«Бог сказал: возьми сына твоего, единственного твоего, которого ты любишь, Исаака, и пойди в землю Мориа и там принеси его во всесожжение на одной из гор, о которой Я скажу тебе» (Бытие, 22:2)
Первое, что ты чувствуешь — это духота. Воздух горячий, проникает в легкие вместе с песчинками. От него нестерпимо хочется пить. В ноздри бьет запах пыли и нагретого солнцем камня.
Когда ты открываешь глаза, видишь, что сидишь на древних каменных плитах, вокруг открытое пространство, на котором тут и там возвышаются полуразрушенные колонны и черные столбы пальм. Небо над тобой жуткое — алое, насыщенное, темнеющее. Высоко в зените солнце — правда, не такое, к какому ты привык. Оно черное, зловещее, дымное. Здешнее светило не греет, это настоящая дыра, засасывающая пространство вокруг. Тебе даже кажется, что у тебя на голове и руках поднимаются волоски, стремясь туда, к нему. И внутри, что-то лезет к самому горлу, будто желая вырваться из тебя и взмыть.
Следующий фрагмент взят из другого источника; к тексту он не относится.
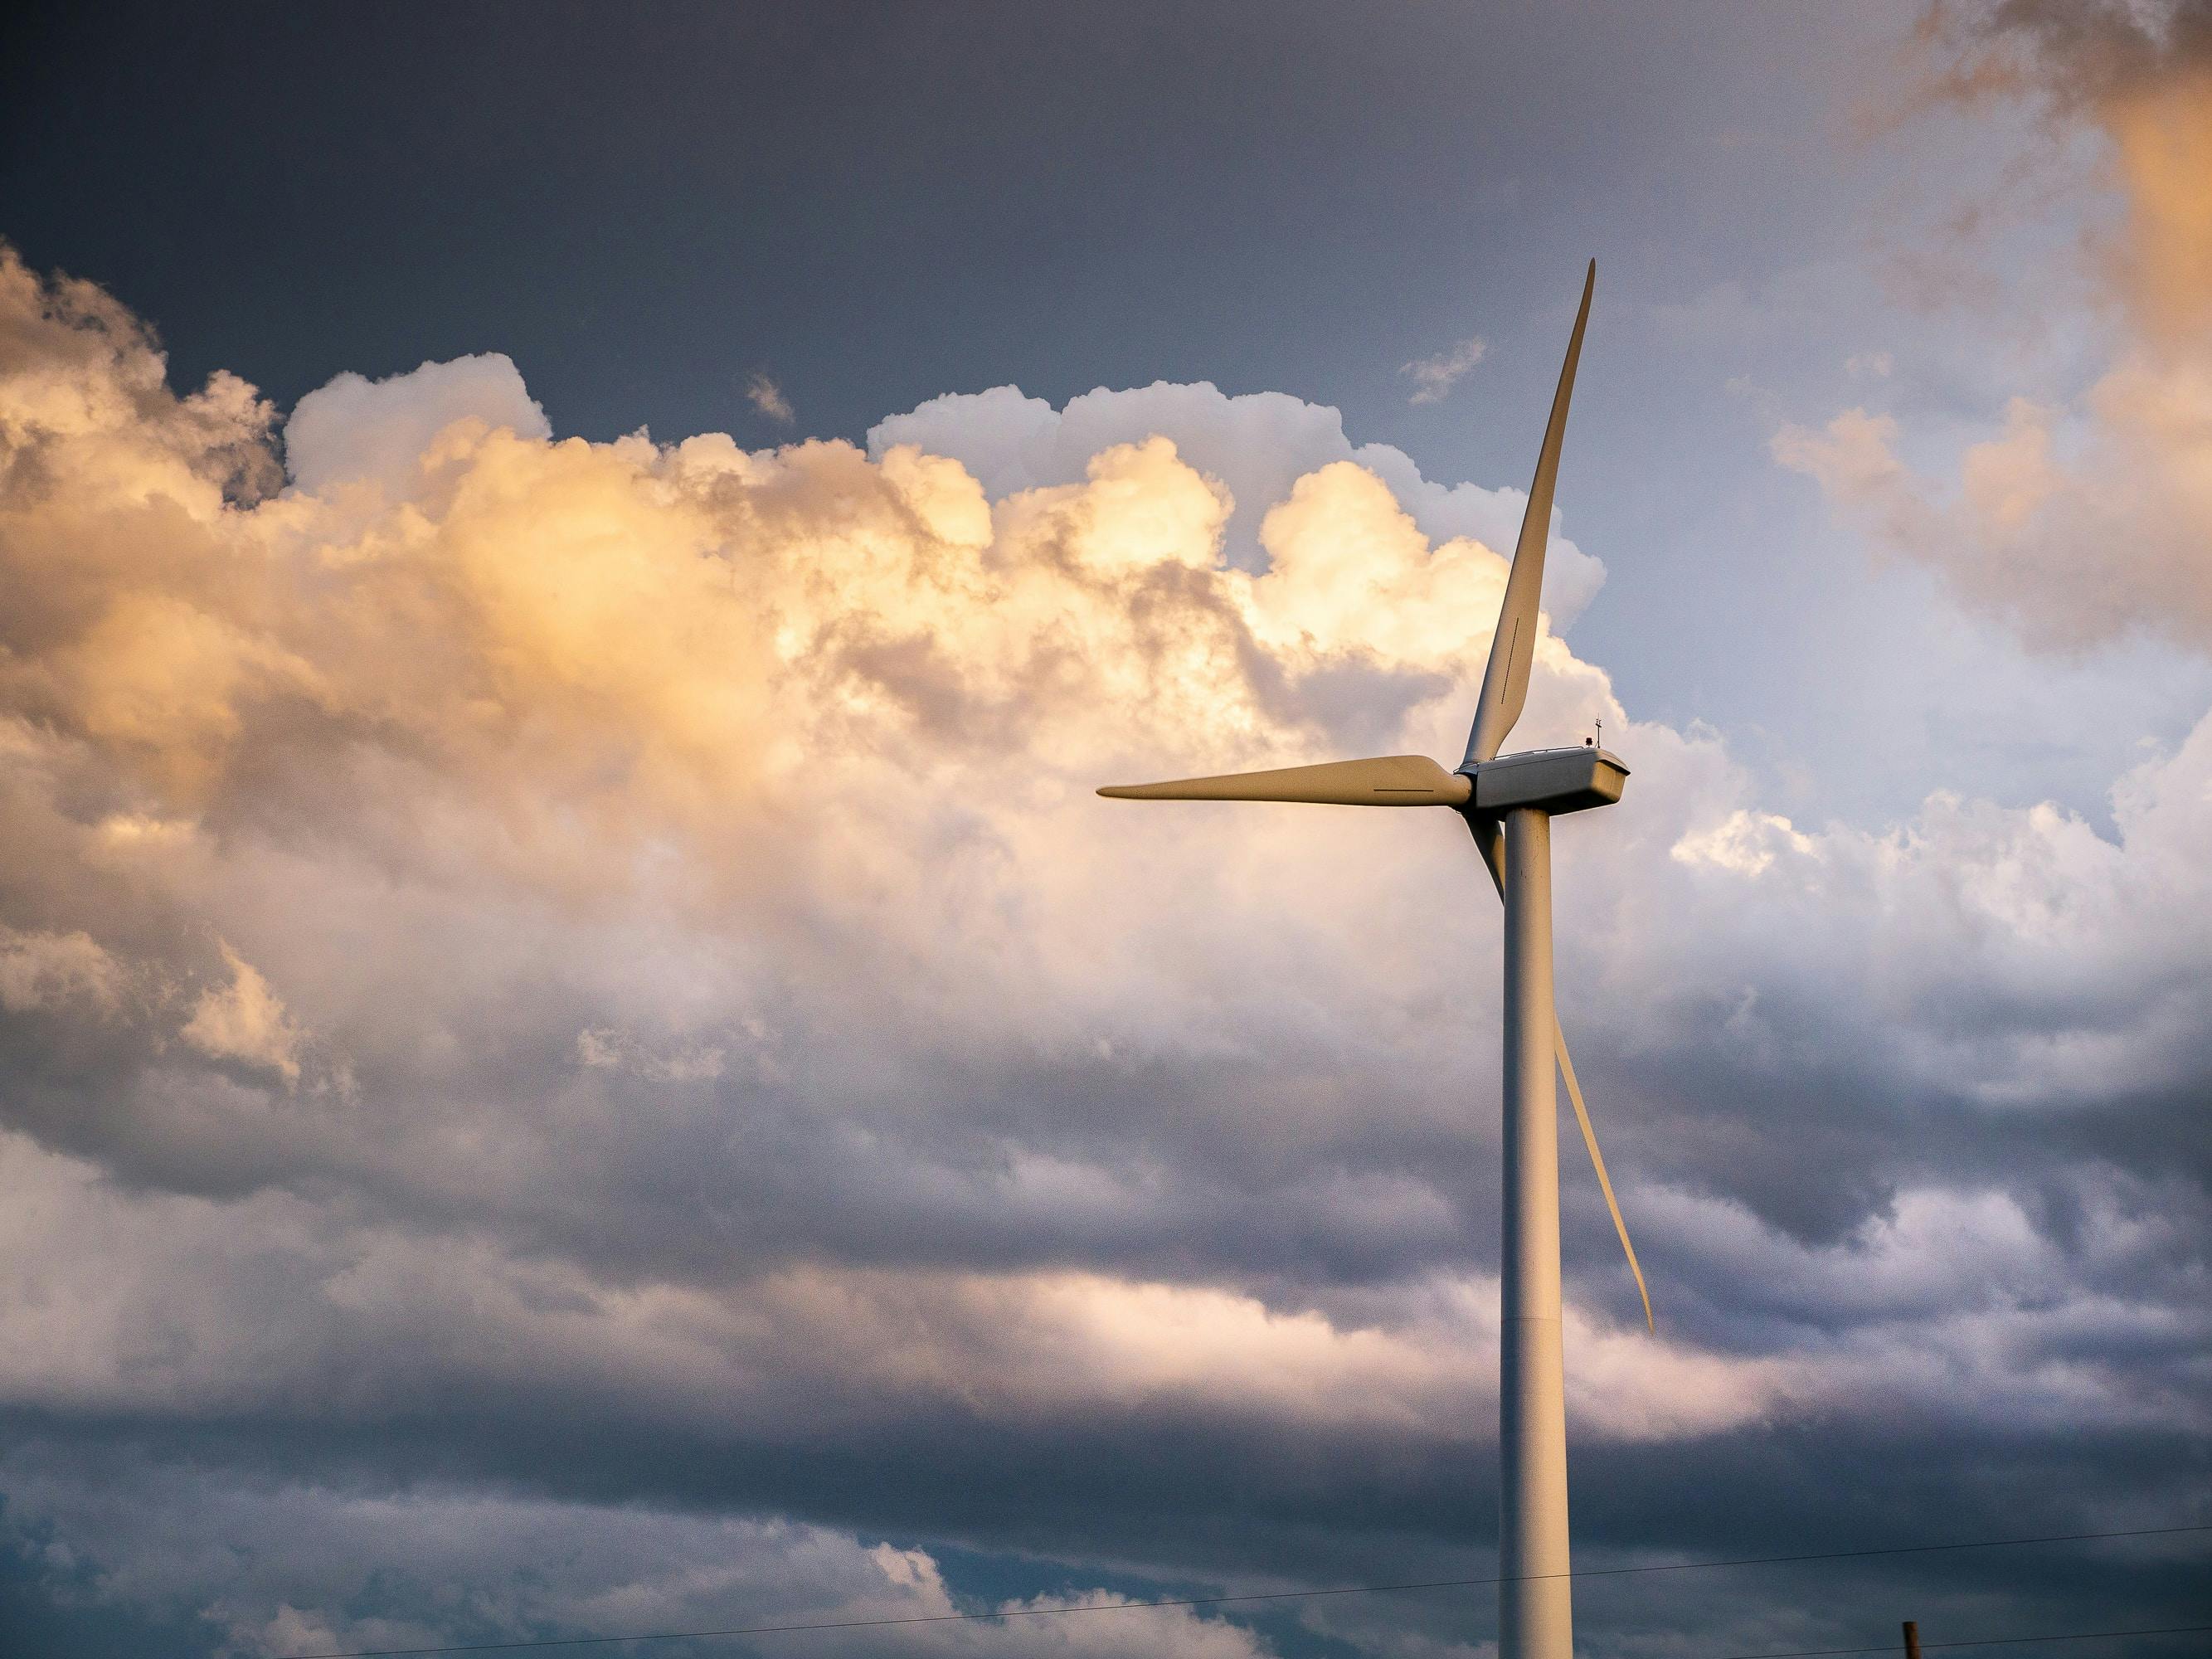 The photo depicts a wind turbine set against a stormy Oklahoma sky.

Ты не один, перед тобой на камне сидит человек в черных развевающихся одеждах восточного покроя. Это высокий мужчина, с голливудской бородкой и усами, волосы до плеч, немного вьются — буйно плещутся от налетающих порывов горячего ветра. Покрой одежды и черты лица говорят о том, что он скорее всего араб. Лицо у него волевое, взгляд твердый и снисходительный. На одной руке, покоящейся на колене, сверкает перстень с крупным синим камнем.
Губы незнакомца раздвигаются в усмешке, и он говорит:
— Я рад, наконец, познакомиться с тобой, Шон. Я уже очень давно ждал нашей встречи.
Я непонимающе смотрю по сторонам, моё сознание посылает мне сигналы, отличимые от сна.
— Воу… — пейзаж невероятно необычен т это первое, что вылетает из моего рта в качестве комментария.
Фигура человека настолько соответствует окружению, что я сперва даже не понимаю, что он есть. Когда он начинает говорить, я дергаюсь и пугаюсь, меня несколько выводит из себя то, как он ко мне обращается.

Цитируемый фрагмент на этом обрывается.